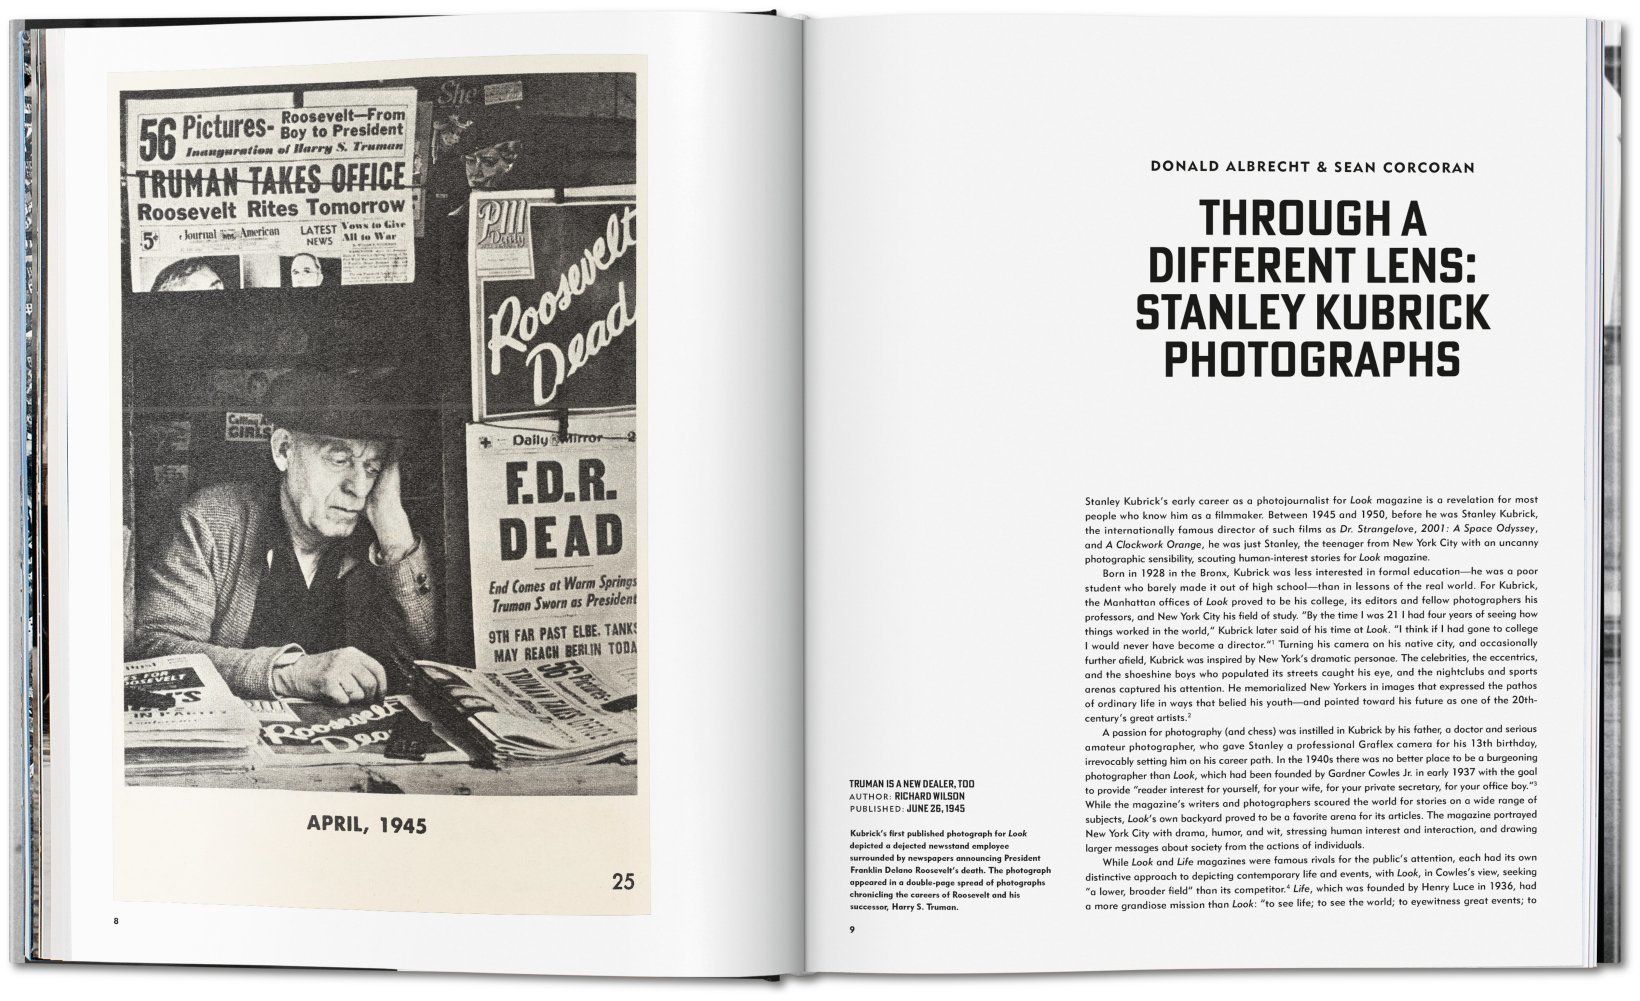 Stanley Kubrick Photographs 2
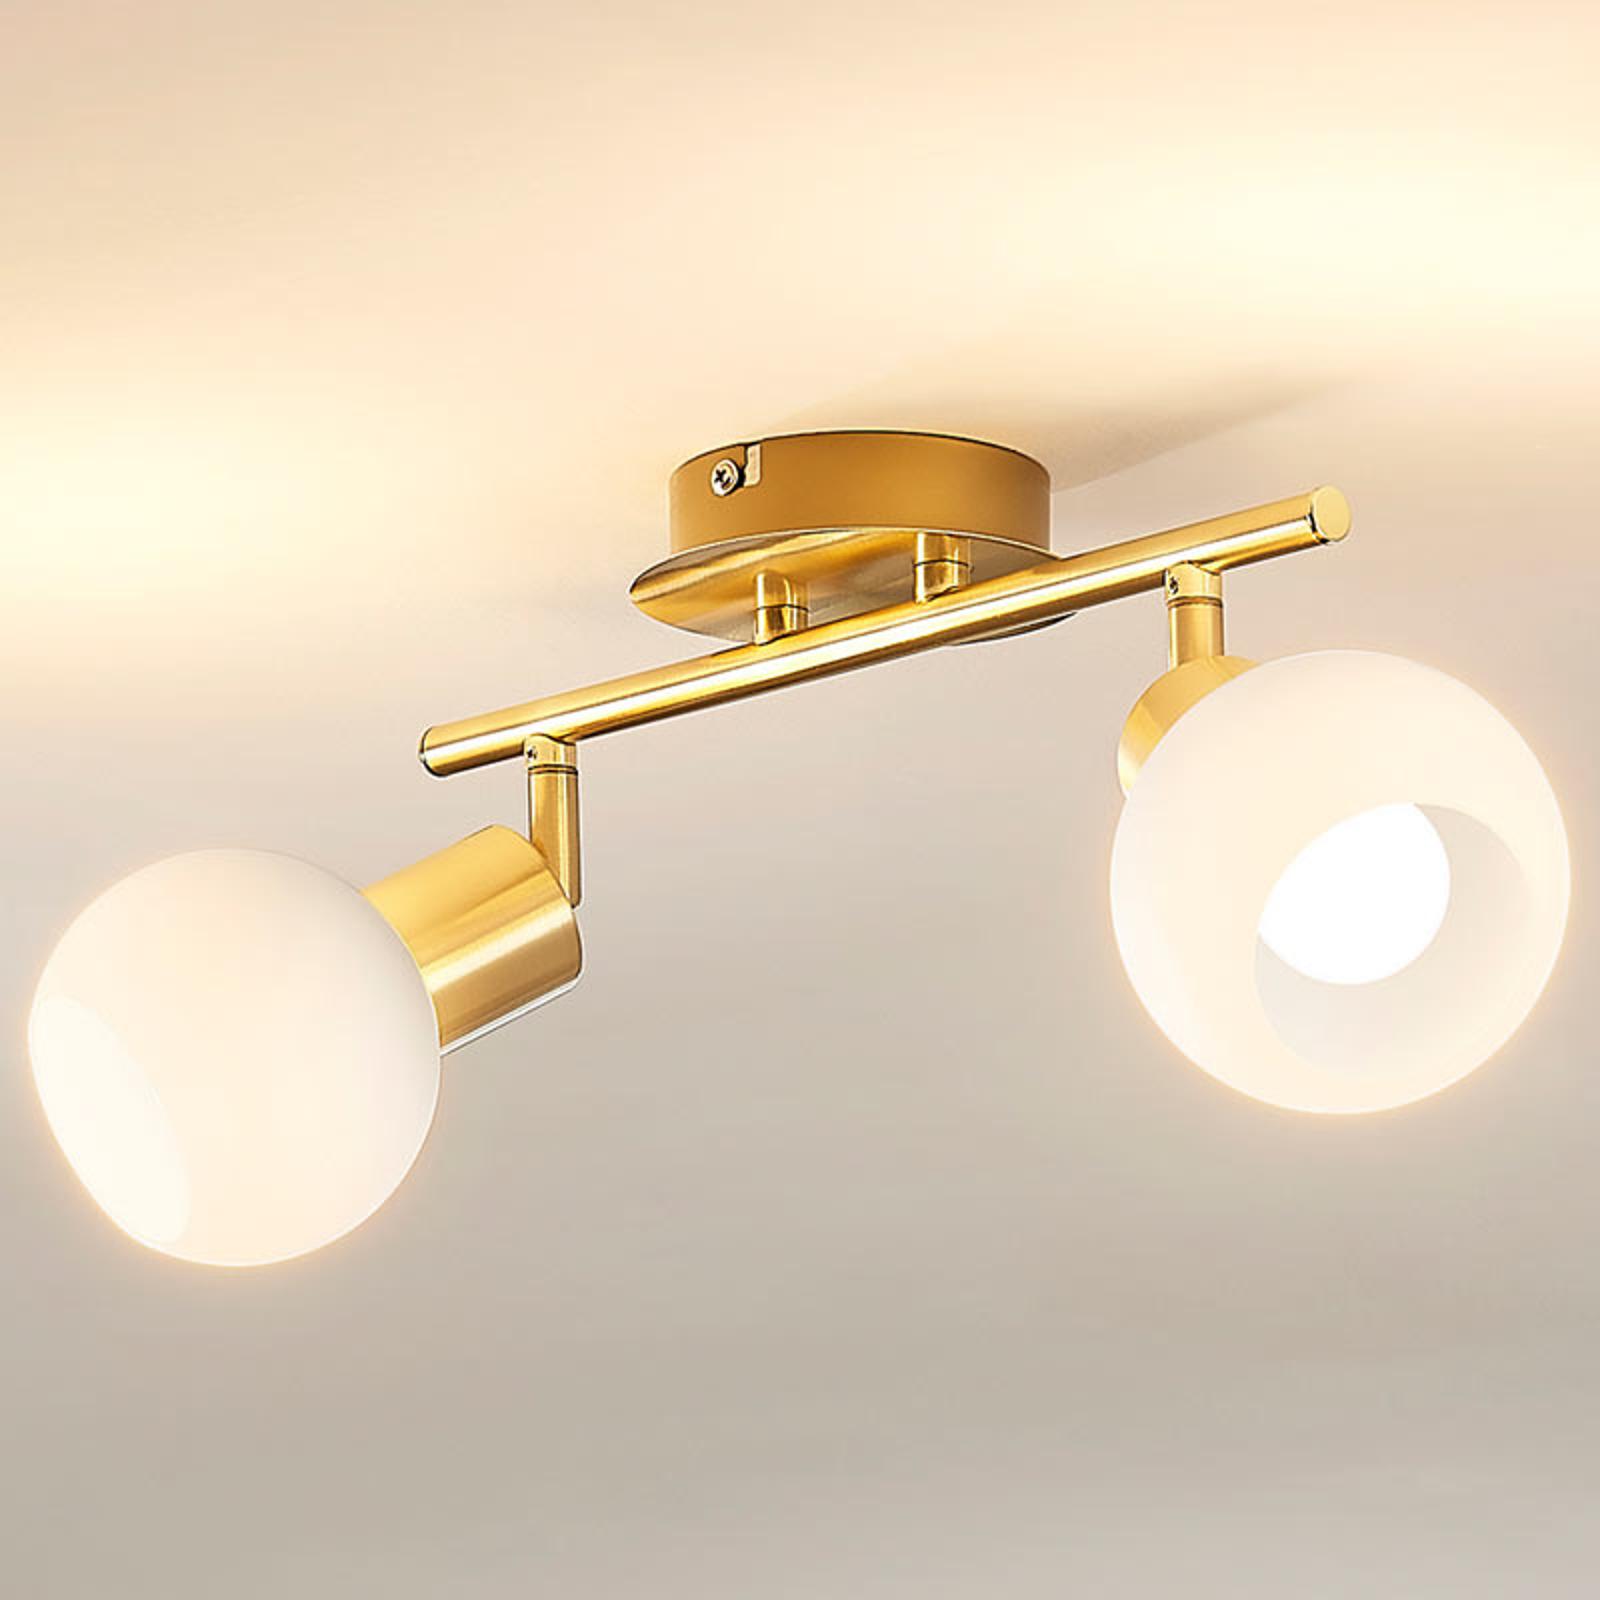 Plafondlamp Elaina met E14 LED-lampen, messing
---
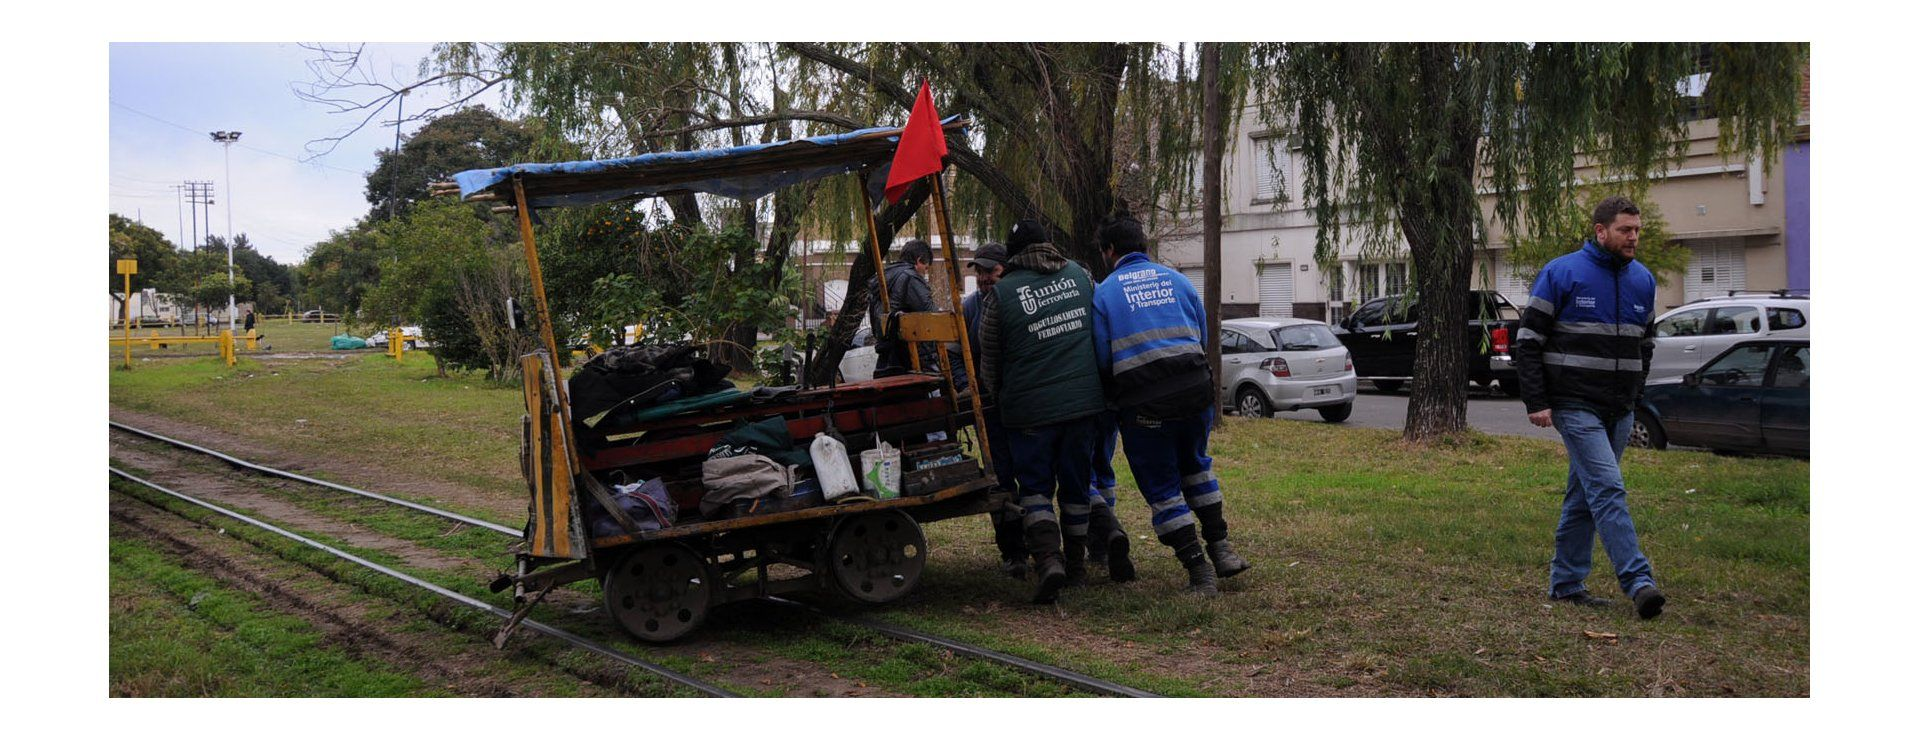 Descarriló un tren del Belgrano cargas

Problem to work on: Print exactly the lines above that run from the one with "Stanley Kubrick Photographs 2" to the one with "Plafondlamp Elaina met", both included. No pictures.

Answer to this task:
 Stanley Kubrick Photographs 2
 Plafondlamp Elaina met E14 LED-lampen, messing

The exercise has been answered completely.